Creatd, Inc. (Nasdaq CM: CRTD) is the parent company and creator of Vocal, a robust and proprietary technology platform that uniquely serves creators, brands, and audiences by providing long-form storytelling tools, advanced social features, and monetization opportunities. Since launching in December 2016, Vocal has become home to approximately 750,000 content creators, and over 4,000 paid subscribers of its recently launched Vocal+ membership program, attracting over 10 million monthly visitors across its network of 34 wholly owned and operated niche communities. For more information, the content of which is not part of this press release:

 

Creatd: https://creatd.com

Vocal Platform: https://vocal.media

Investor Relations Contact: ir@creatd.com

 

Contact: Press and Investor Relations

 

Rachel David

Head of Business Development and Communications

Creatd, Inc.

(201) 258-3770

rachel.david@creatd.com

 

Forward-Looking Statements

 

Any statements that are not historical facts and that express, or involve discussions as to, expectations, beliefs, plans, objectives, assumptions or future events or performance (often, but not always, indicated through the use of words or phrases such as “will likely result,” “are expected to,” “will continue,” “is anticipated,” “estimated,” “intends,” “plans,” “believes” and “projects”) may be forward-looking and may involve estimates and uncertainties which could cause actual results to differ materially from those expressed in the forward-looking statements.
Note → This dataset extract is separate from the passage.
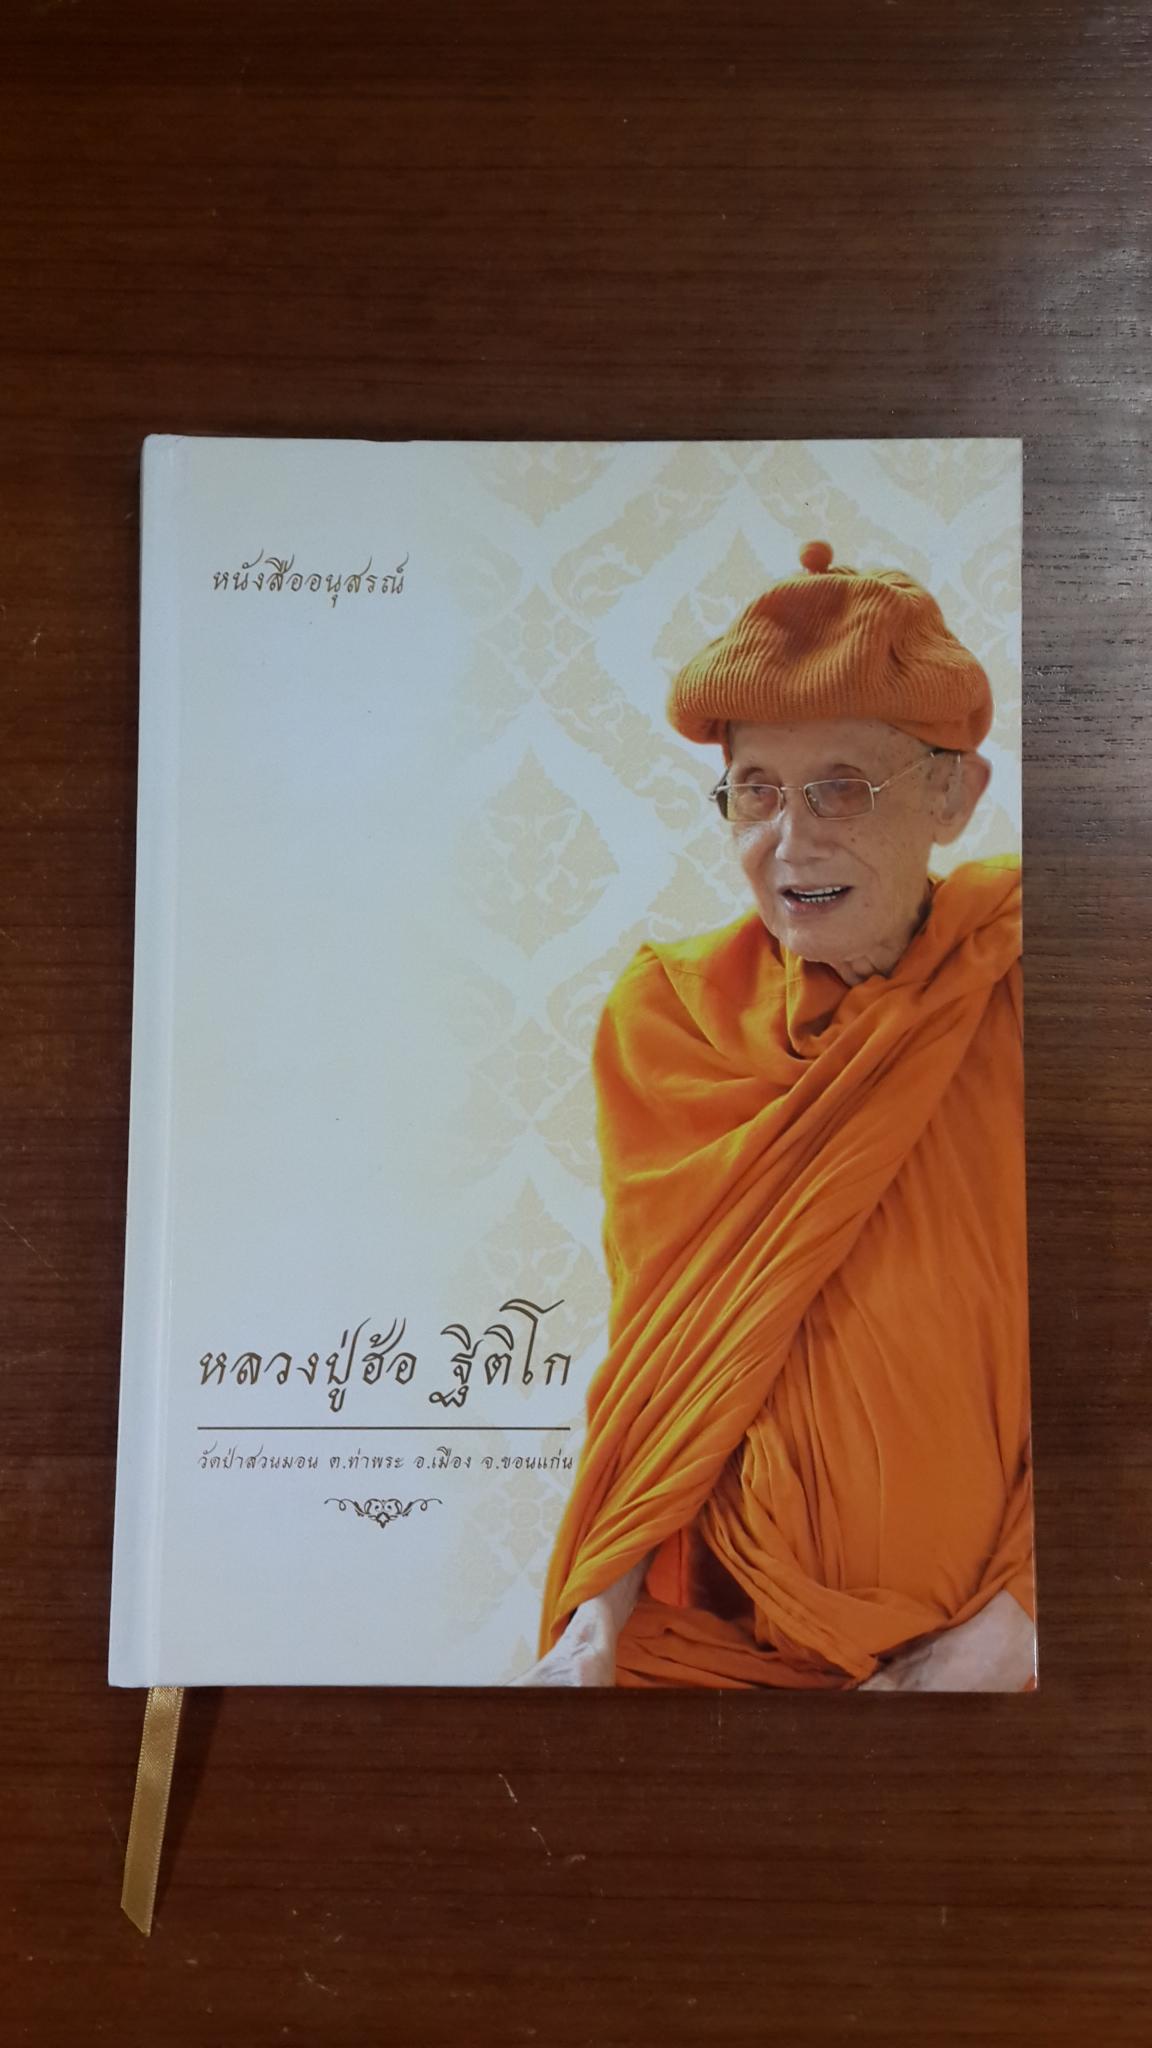 หนังสืออนุสรณ์ หลวงปู่ฮ้อ ฐิติโก วัดป่าสวนมอน จ.ขอนแก่น

The Company cautions that the factors described herein could cause actual results to differ materially from those expressed in any forward-looking statements the Company makes and that investors should not place undue reliance on any such forward-looking statements. Further, any forward-looking statement speaks only as of the date on which such statement is made, and the Company undertakes no obligation to update any forward-looking statement to reflect events or circumstances after the date on which such statement is made or to reflect the occurrence of anticipated or unanticipated events or circumstances. New factors emerge from time to time, and it is not possible for the Company to predict all of such factors. Further, the Company cannot assess the impact of each such factor on its results of operations or the extent to which any factor, or combination of factors, may cause actual results to differ materially from those contained in any forward-looking statements. This press release is qualified in its entirety by the cautionary statements and risk factor disclosure contained in the Company’s Securities and Exchange Commission filings.